Matt Kingsley

Personal information
- Full name: Matthew Kingsley
- Date of birth: 30 September 1874
- Place of birth: Edgworth, Lancashire, England
- Date of death: 27 March 1960 (aged 85)
- Place of death: Leigh, Lancashire, England
- Position: Goalkeeper

Senior career*
- Years: Team / Apps / (Gls)
- Turton
- 1896–1898: Darwen
- 1898–1904: Newcastle United / 180 / (0)
- 1904–1905: West Ham United / 29 / (0)
- 1905–1906: Queens Park Rangers / 20 / (0)
- 1906–1907: Barrow
- 1907: Rochdale

International career
- 1901: England / 1 / (0)

= Matt Kingsley (footballer) =

English footballer (1874–1960)

Matthew Kingsley (30 September 1874 – 27 March 1960) was a footballer who played as goalkeeper for Darwen, Newcastle United, West Ham United, Queens Park Rangers, Barrow and Rochdale.

==Club career==
In all, Kingsley made 180 appearances in six First Division seasons at Newcastle United and nine appearances in the FA Cup, which included an infamous cup exit at Southampton in 1900.

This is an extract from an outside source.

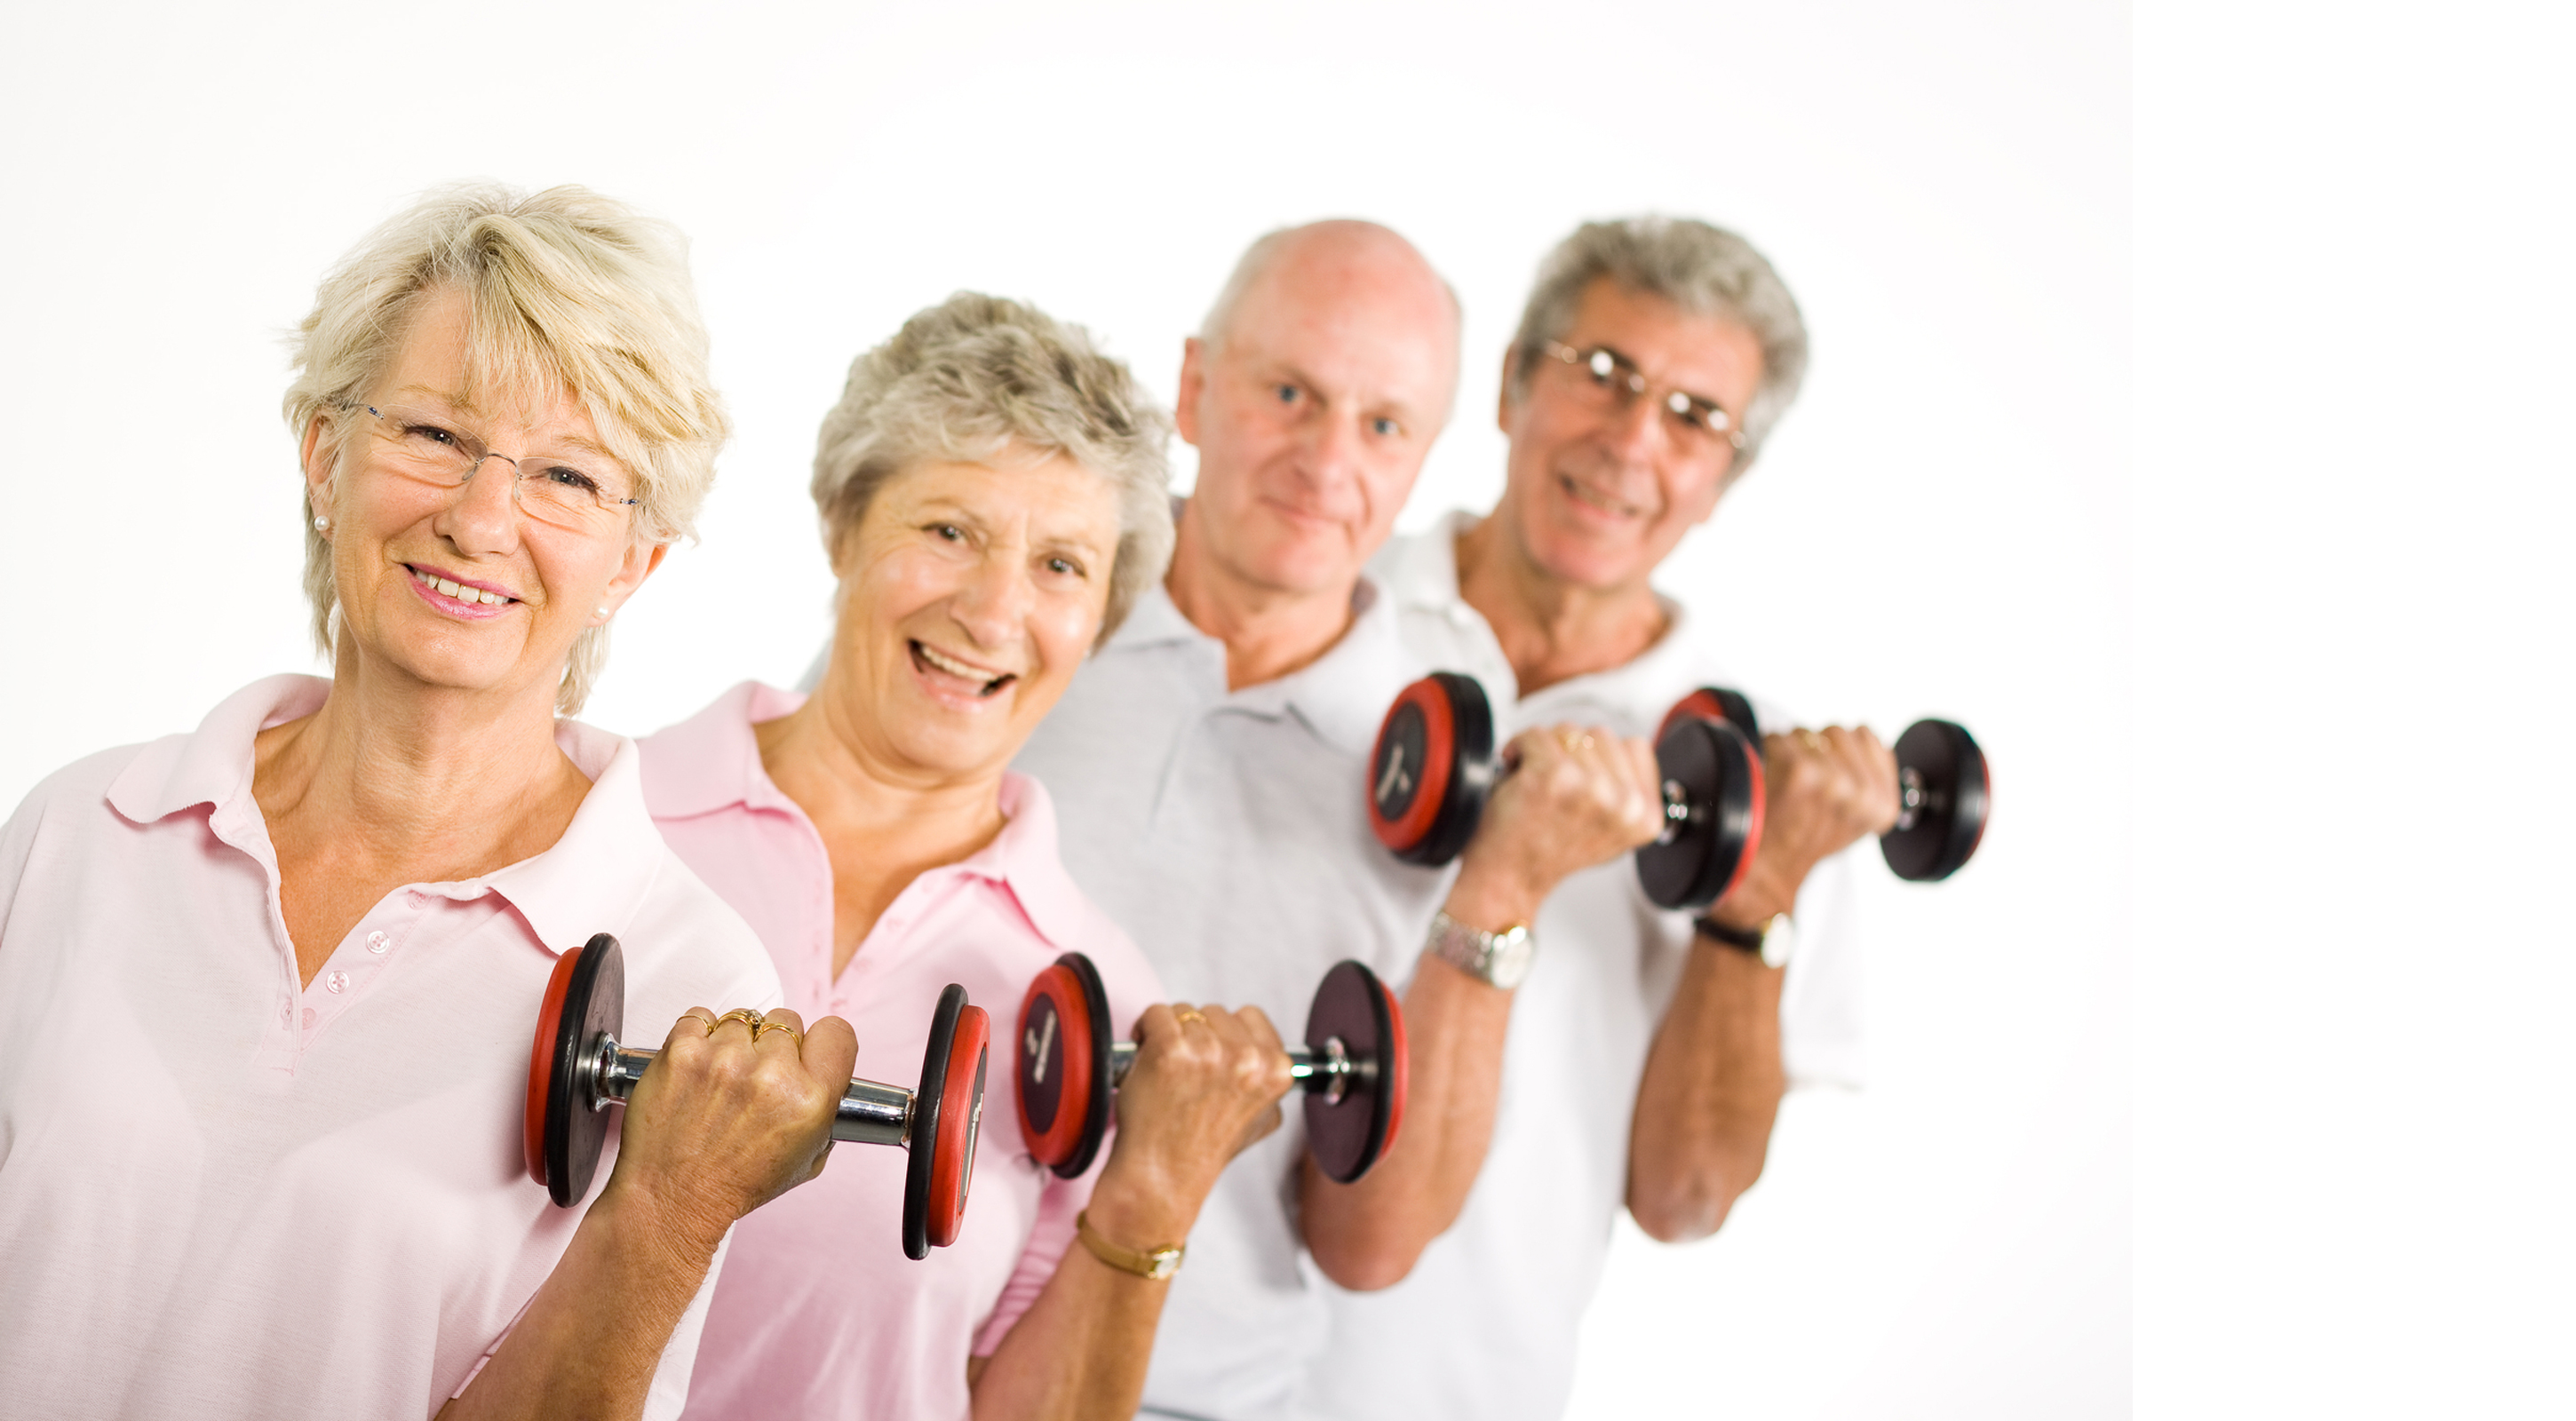 beneficial Pensacola exercise for osteoporosis

Kingsley lost his place to Jimmy Lawrence midway through the 1903–04 season and moved on to West Ham United. Kingsley departed West Ham after kicking former West Ham player Herbert Lyon in a game against Brighton & Hove Albion in March 1905, causing a crowd invasion and a near riot.

==International career==
In 1901 he became the first player to receive a call-up to the England national team whilst at Newcastle. Kingsley played the full 90 minutes in a 6–0 victory for England against Wales in a British Home Championship at St James' Park on 18 March 1901.